DR is the unreality of the outside world, feeling the world isnt real, objects, things, even other family members...

xvolatileheart
05-04-12, 13:32
An anxiety attack is where you feel progressively more anxious until it leads to fast heart rate, shakiness, difficulty breathing, difficulty sleeping, sometimes crying, etc. My tendency is to have these at night when I'm trying to go to sleep (hadn't had that in a few years until last night!) I'll generally feel anxious all day, but keep myself going until I finally lay down and it all culminates into an "attack".

Stormsky
05-04-12, 21:09
An anxiety attack is where you feel progressively more anxious until it leads to fast heart rate, shakiness, difficulty breathing, difficulty sleeping, sometimes crying, etc. My tendency is to have these at night when I'm trying to go to sleep (hadn't had that in a few years until last night!) I'll generally feel anxious all day, but keep myself going until I finally lay down and it all culminates into an "attack".

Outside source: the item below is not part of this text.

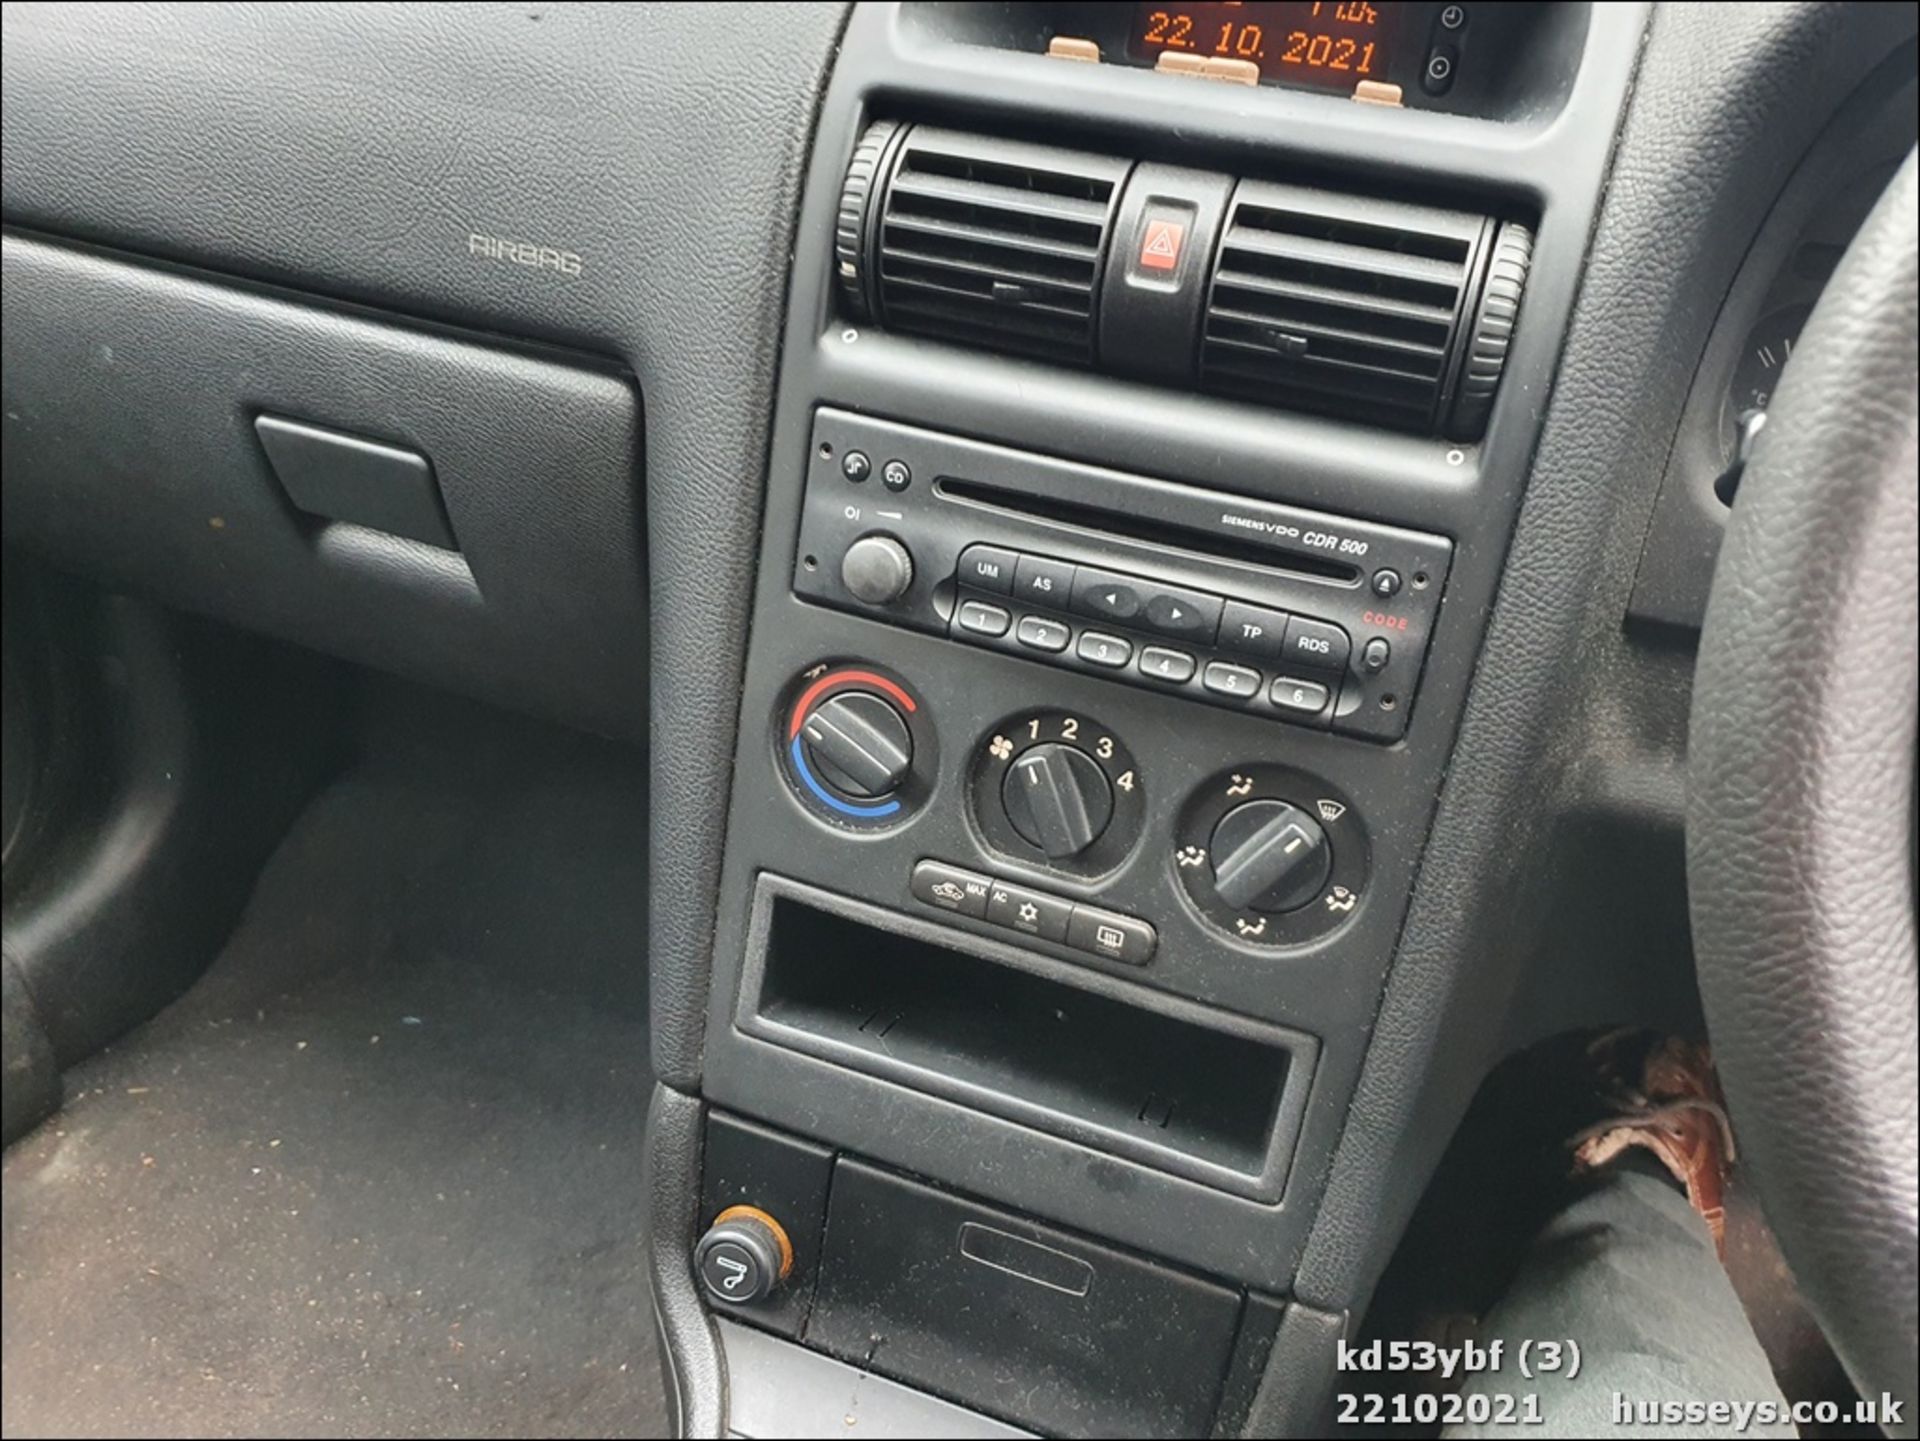 03/53 VAUXHALL ASTRA LS 16V - 1389cc 5dr Hatchback (Silver, 87k) - Image 3 of 14

so what are classing as a panic attack?

xvolatileheart
05-04-12, 23:24
Panic attacks are sudden fight-or-flight/adrenaline rushes. Symptoms hit instantly, they don't build over time. Instant feeling of dread/fear with intense bodily symptoms all over, can feel like they happen out of nowhere.

kashameets
06-04-12, 02:17
Well i am a odd one then as when i have had a panic attack in the past its built up not sudden out of know where:wacko:
I don't think panic attacks / anxiety attacks or anxiety in general can be put neatly in a box and only be explained in one way.....Everyone of us might share symptoms but we all feel different things and have different experiences with are anxiety which includes panic attacks and anxiety attacks......I class MY symptoms of not being able to breath properly, sweating and palpitations as just feeling anxiety where someone else might class that as a panic attack......I class MY panic attacks as feeling and being hysterical........ to ME they are different and are MY experiences with anxiety so are personal to ME..... Most of MY panic attacks have come on slowly but that does not mean that other peoples are the same as they might come out of no where...we are ALL different and as anxiety is a personal illness we will all experience it in different ways so will also explain it in different ways...I don't think there is a right or wrong way just a personal way :)

tamo
06-04-12, 11:33
I think every one of you have valid points depending on the
Individual learning sufferer. LEARNING is the key in my opinion.
Learning all about flight or fight response and how not to let the
Sensations overpower us thus producing more adrenine and eventually
That hirrible dread and fear. Anxiety is so frustrating especially
When we have had a good spell at being well and it strikes out
Of the blue. My own opinion on this is that at some level we
Are watching for it and when we have a few stressful events
Occuring too close together anxiety resurfaces.
I notice ( In reply to the original post) that my anxiety
Type DOES change in how it manifests in the body and i do
Strongly agree with storm to ignore it or tell yourself you are fine
Distract yourself before it rises to much , difficult stuff i know
But it works for me. Doc trying to put me on duloxitine but i
Dont want them. Good luck all

mrmj
07-04-12, 03:48
Ahhh feeling and being hysterical is a great way to describe panic attack I reckon I have definitely experienced dp then but not dr I wouldn't say.

Cheers for all those descriptions guys interesting to hear people's views!